Your goal. Starting with the line that contains "Ультраувлажняющая тканевая маска", copy every line through the end of the listing, exactly and only those. No pictures should appear in the copy.

Data.
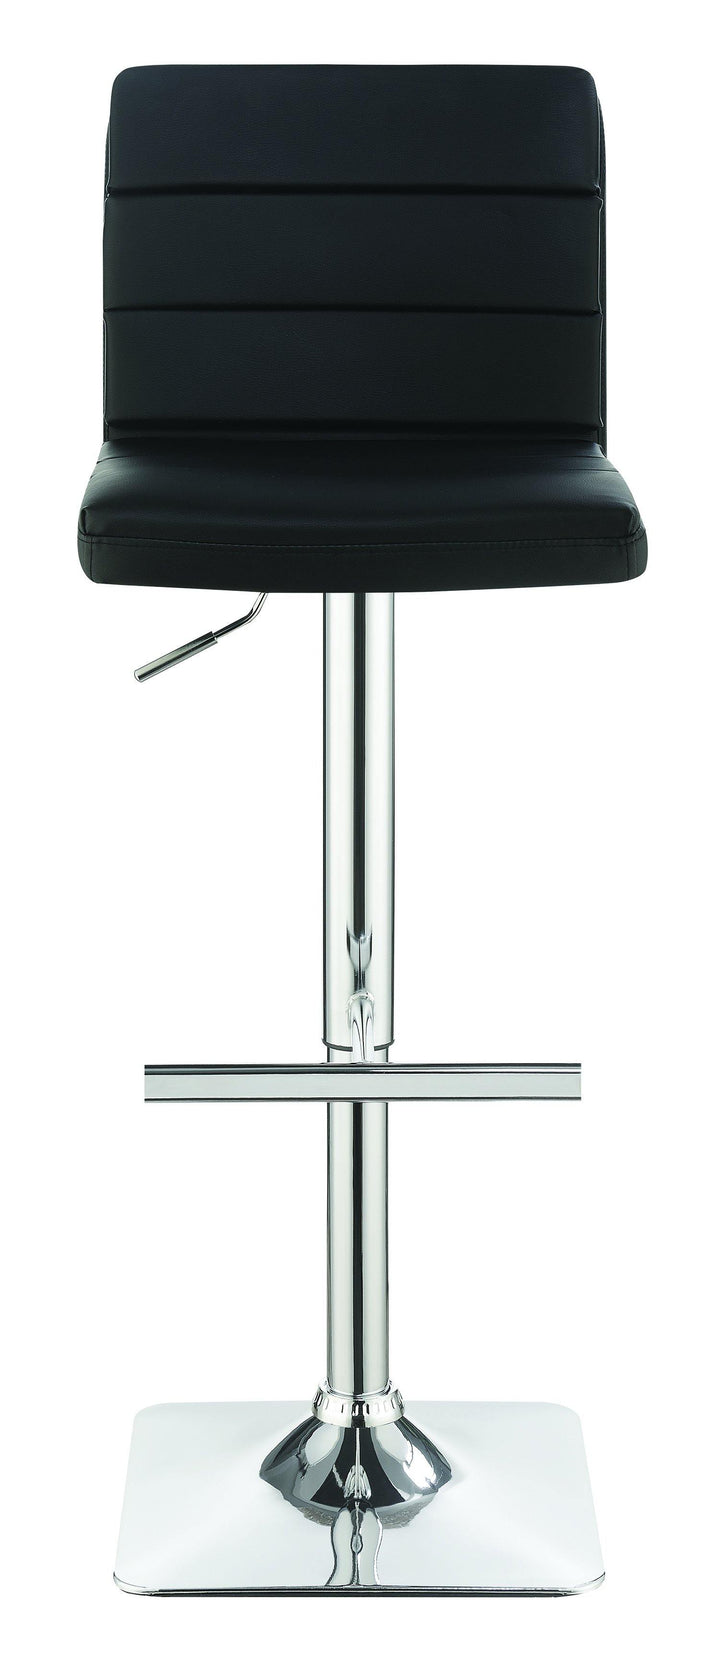 Rec room/bar stools: height adjustable 120695 Black Contemporary adjustable bar stool By coaster - sofafair.com
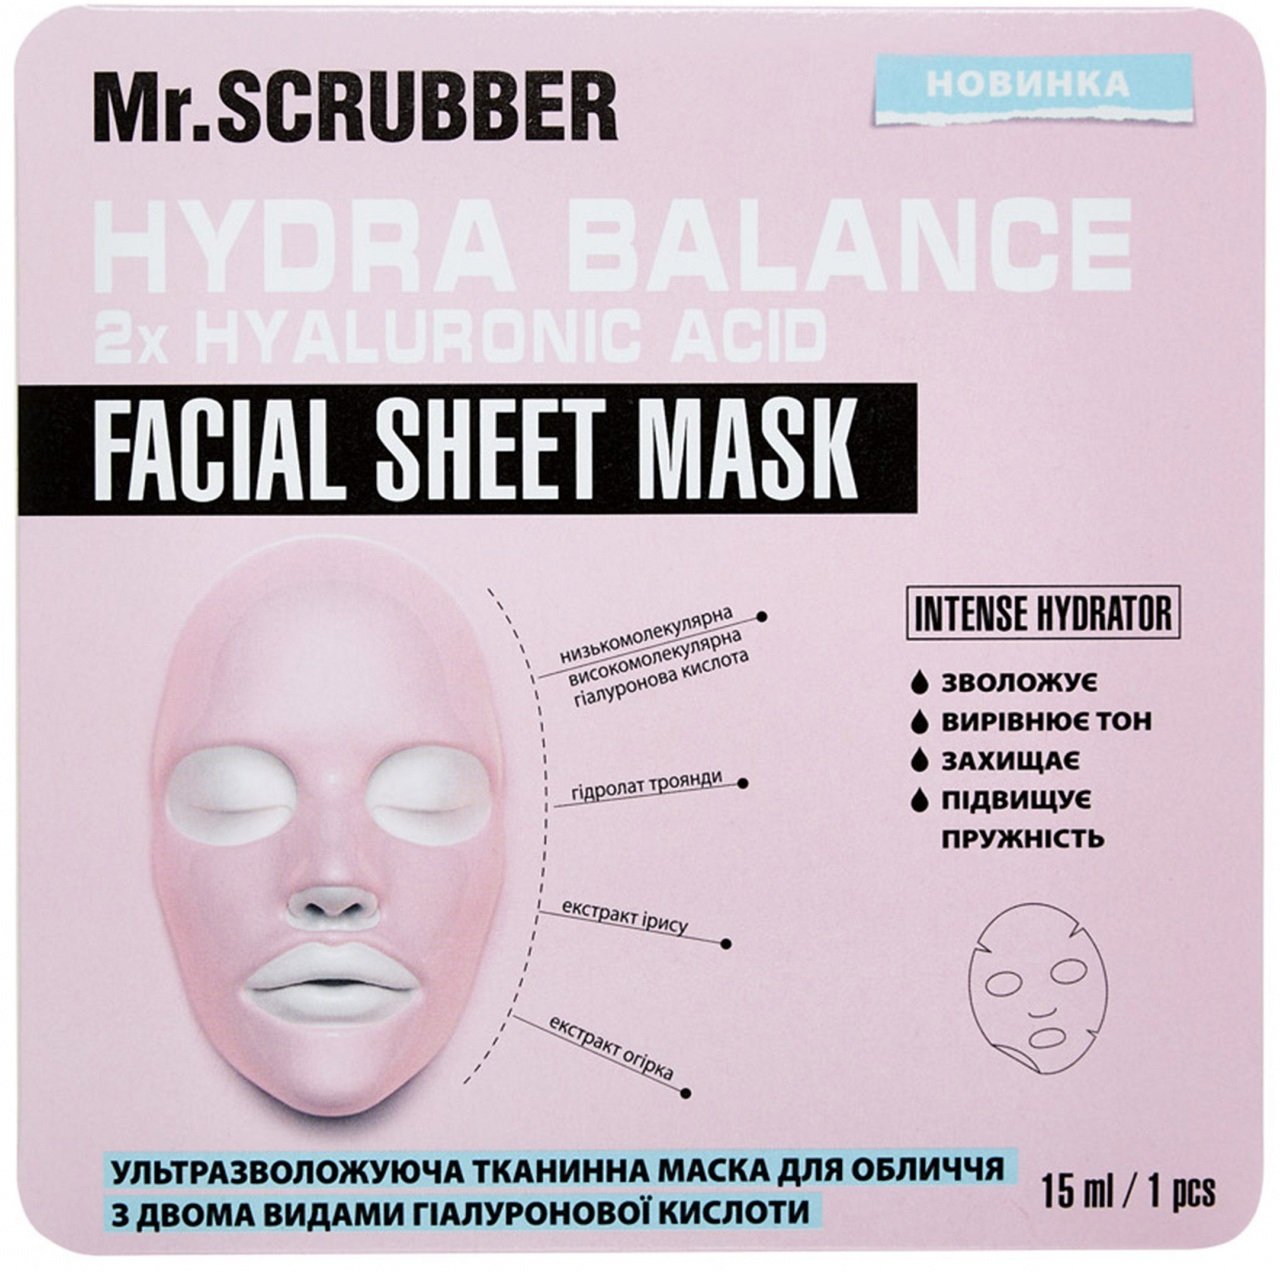 Ультраувлажняющая тканевая маска для лица Mr.Scrubber Hydra balance Facial Sheet Mask, 15 мл - фото 1
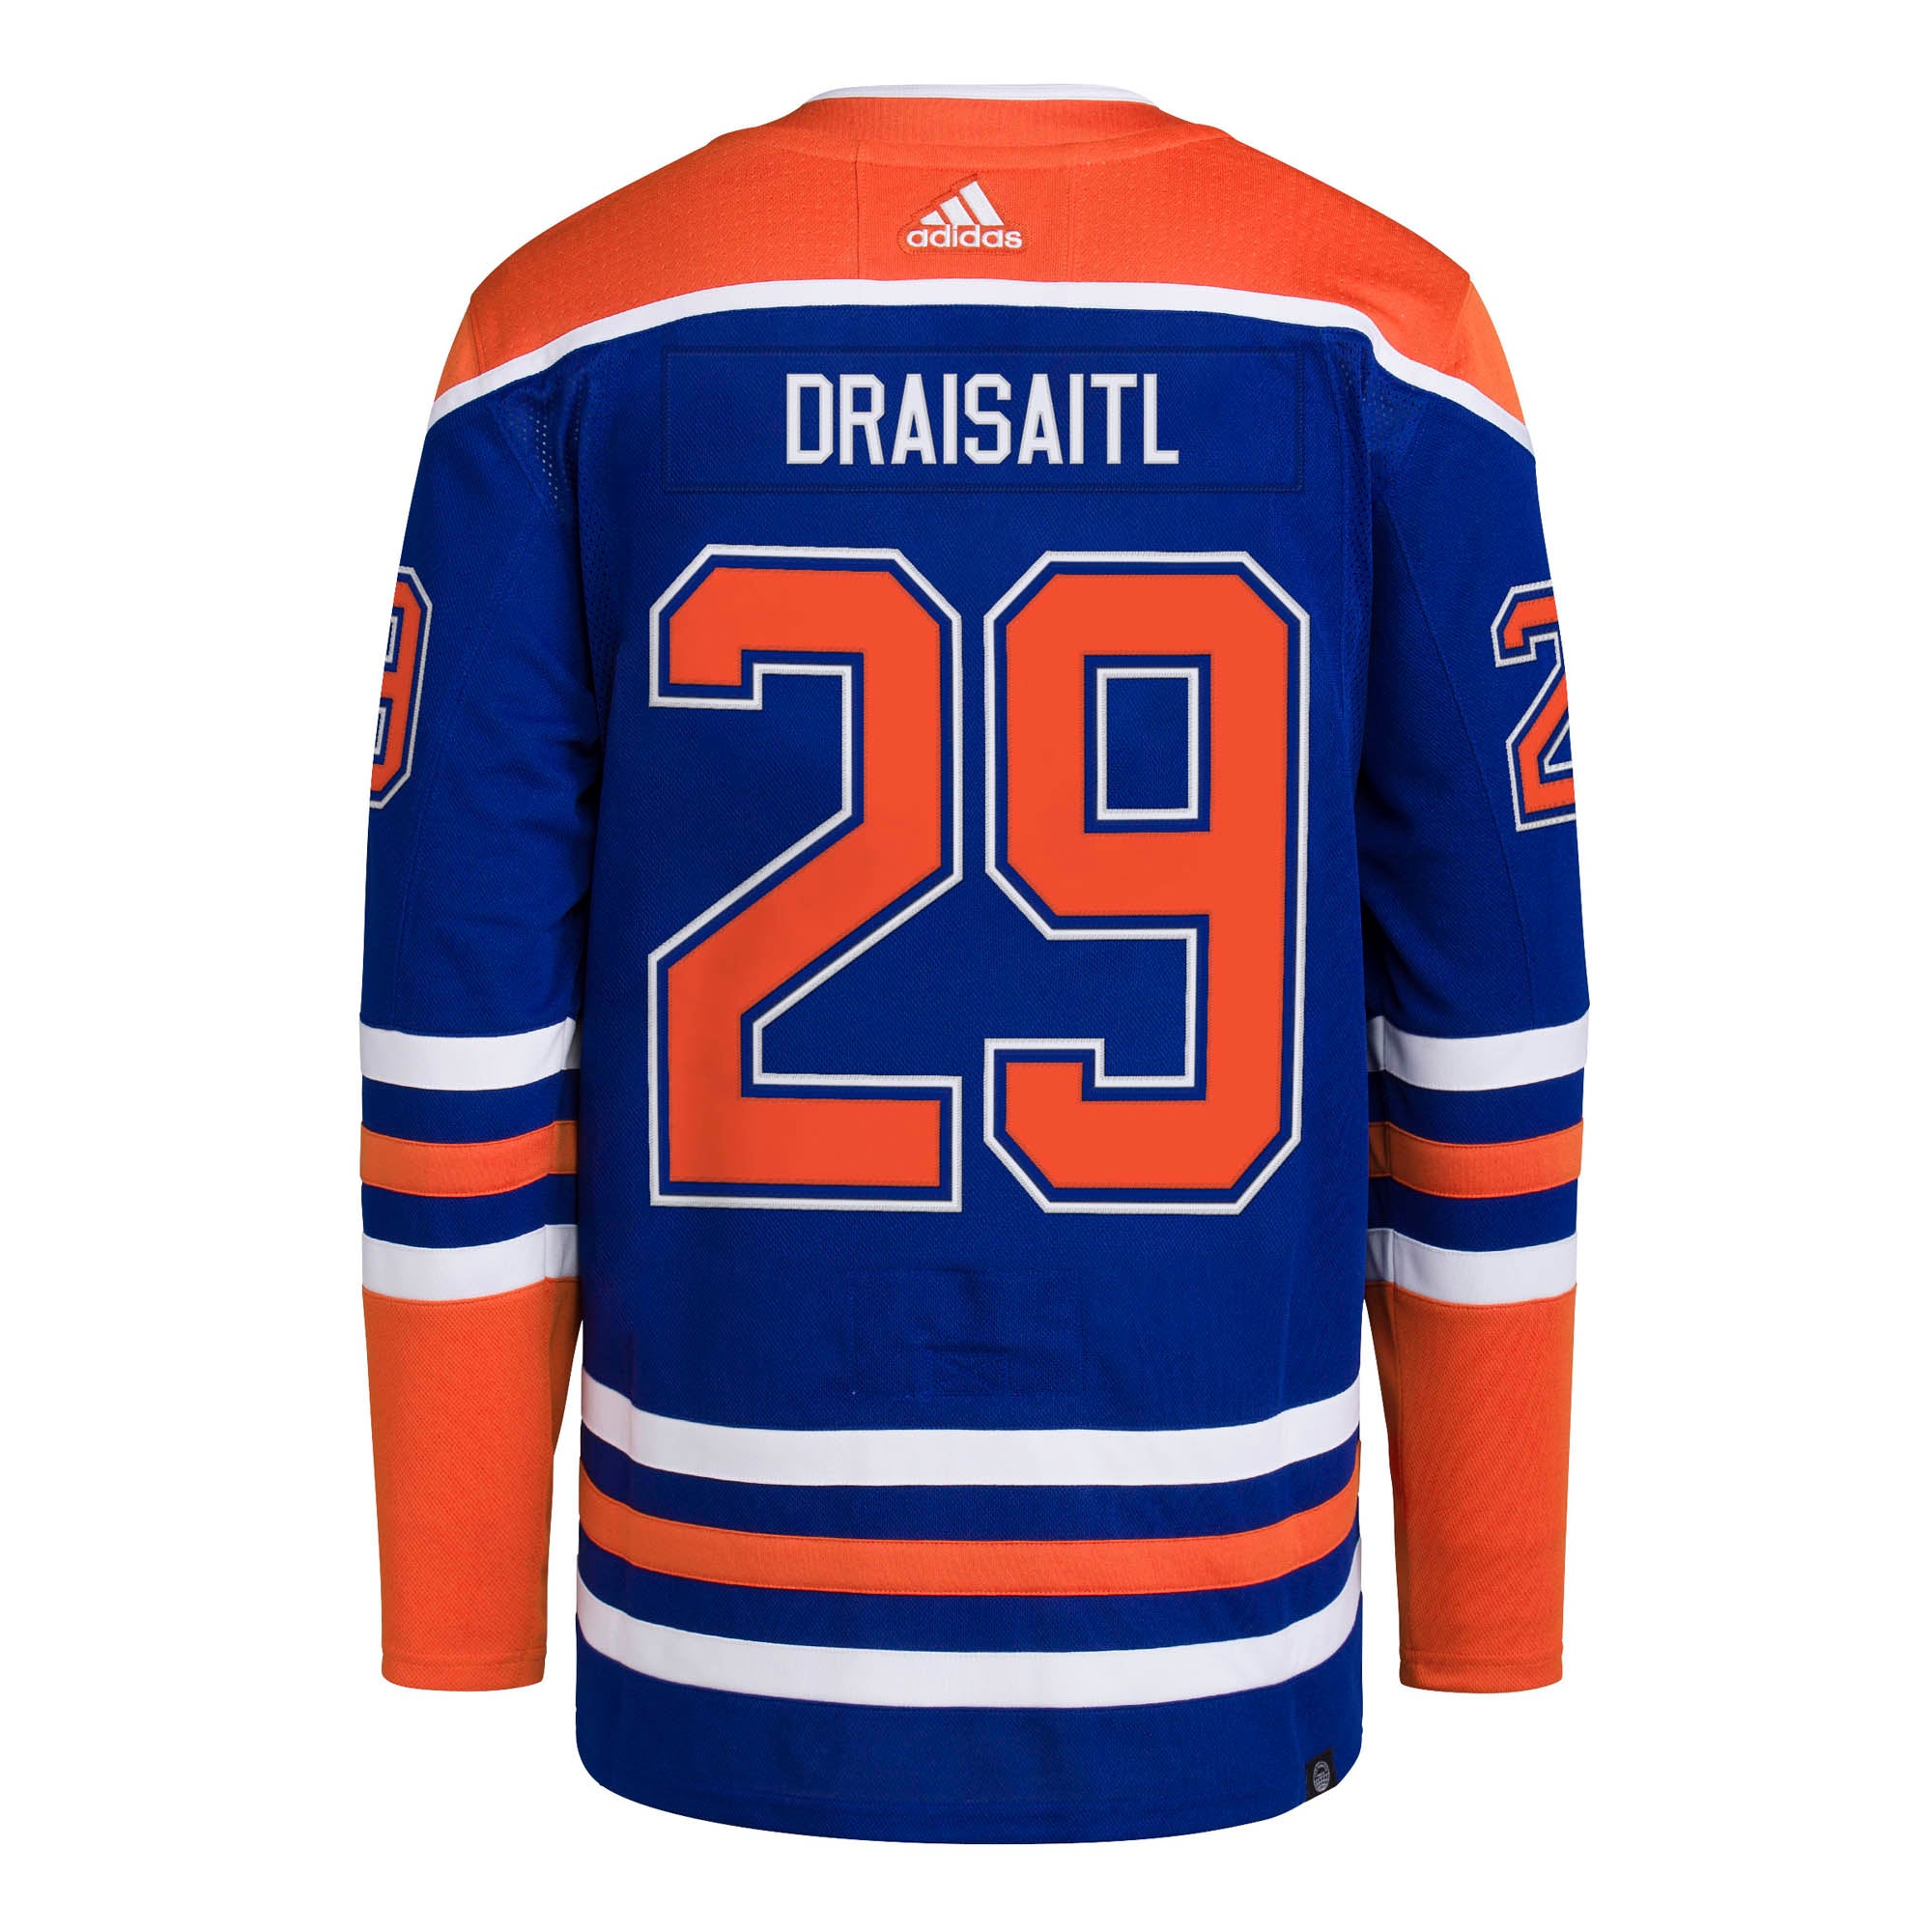 Edmonton Oilers captain's jersey

Reply.
 Ультраувлажняющая тканевая маска для лица Mr.Scrubber Hydra balance Facial Sheet Mask, 15 мл - фото 1
 Edmonton Oilers captain's jersey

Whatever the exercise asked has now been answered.